Saturday, April 23, 2011

framing the photo


Look for a natural frame for your photo.
It creates the feeling of depth as you look
past the frame to your main subject.
The idea is to turn this two dimensional
image into a three dimensional one.

Sunday, April 10, 2011

Photography lessons Vancouver


I had the pleasure of teaching Tamara Taggart today.
She has a new Canon SLR and wanted to learn
to use the basic functions such as aperture, shutter
speed, ISO, white balance, fill flash, exposure compensation
etc. In a two hour lesson we practiced those and a few
more technical functions as well as considering a bit
about shooting in window light and with flash.
In just two to three hours you can be introduced to
the dozen or 15 most important functions on your camera.
Many of the other functions are not really needed much
or at least not until you've practiced a lot. The one to one
lesson is way more fun than reading your thick manual.

Tuesday, April 5, 2011

shooting stained glass using metering mode


Here's a subject where using the metering mode
helps.
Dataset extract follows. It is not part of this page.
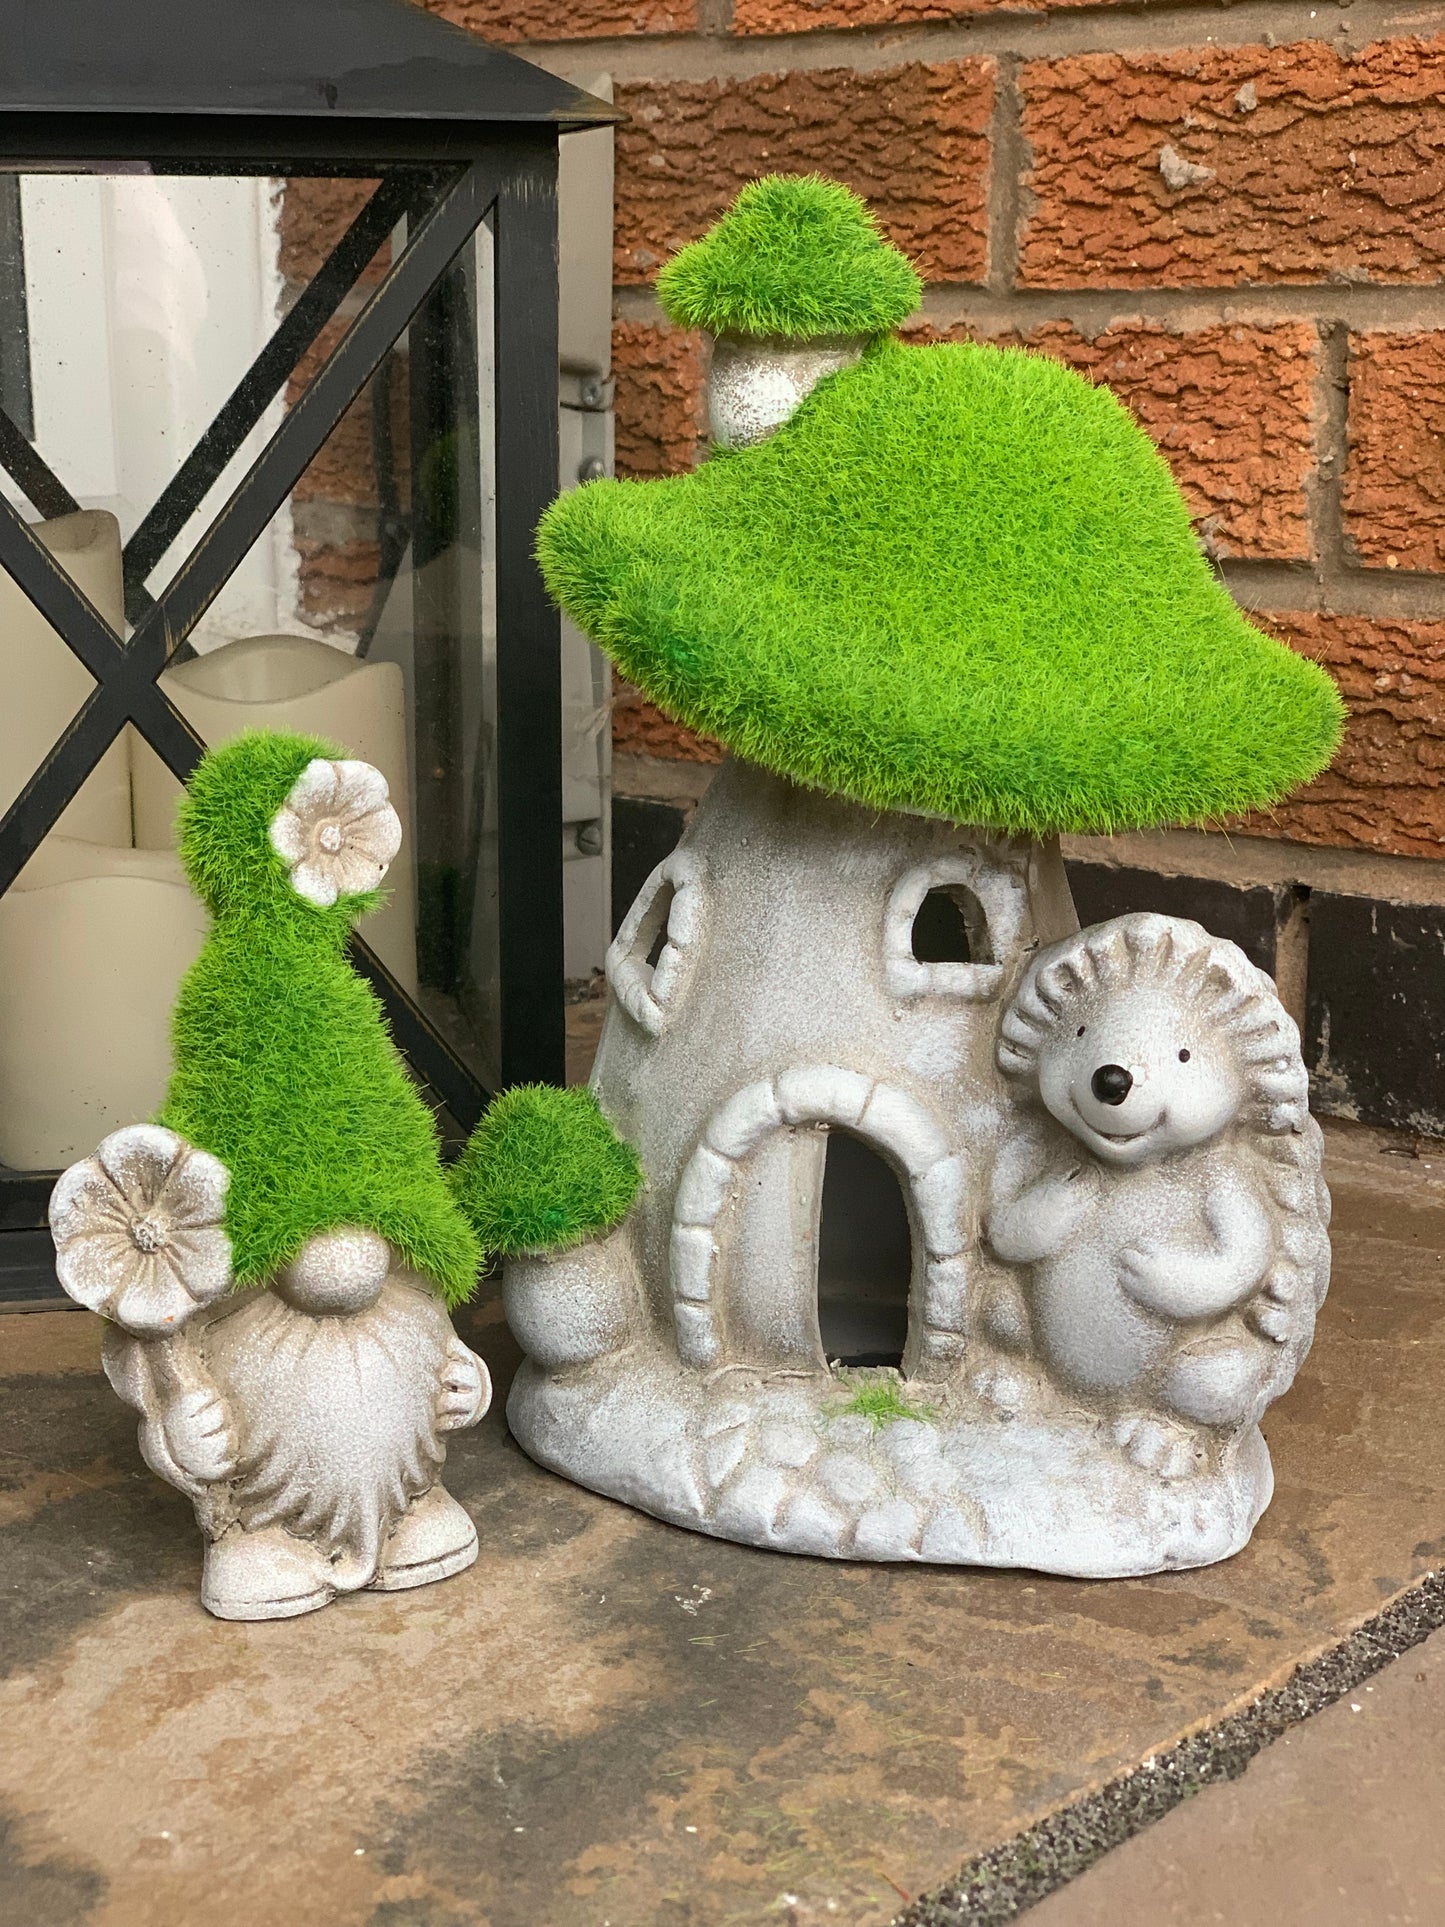 Grassy Toadstool House with hedgehog

As the window was surrounded by the
black area of the dark church (I cropped it off)
the camera's meter thinks it should give you an
average exposure based on both the dark area and
the light window. So the exposure will be too bright.
Choose the spot meter mode and meter on the bright
window area for a more accurate reading of the light
that you actually want to photograph.

Photo tip: shooting snow

Photo tip: shooting snow
a little overexposure is needed for snow or other white subjects.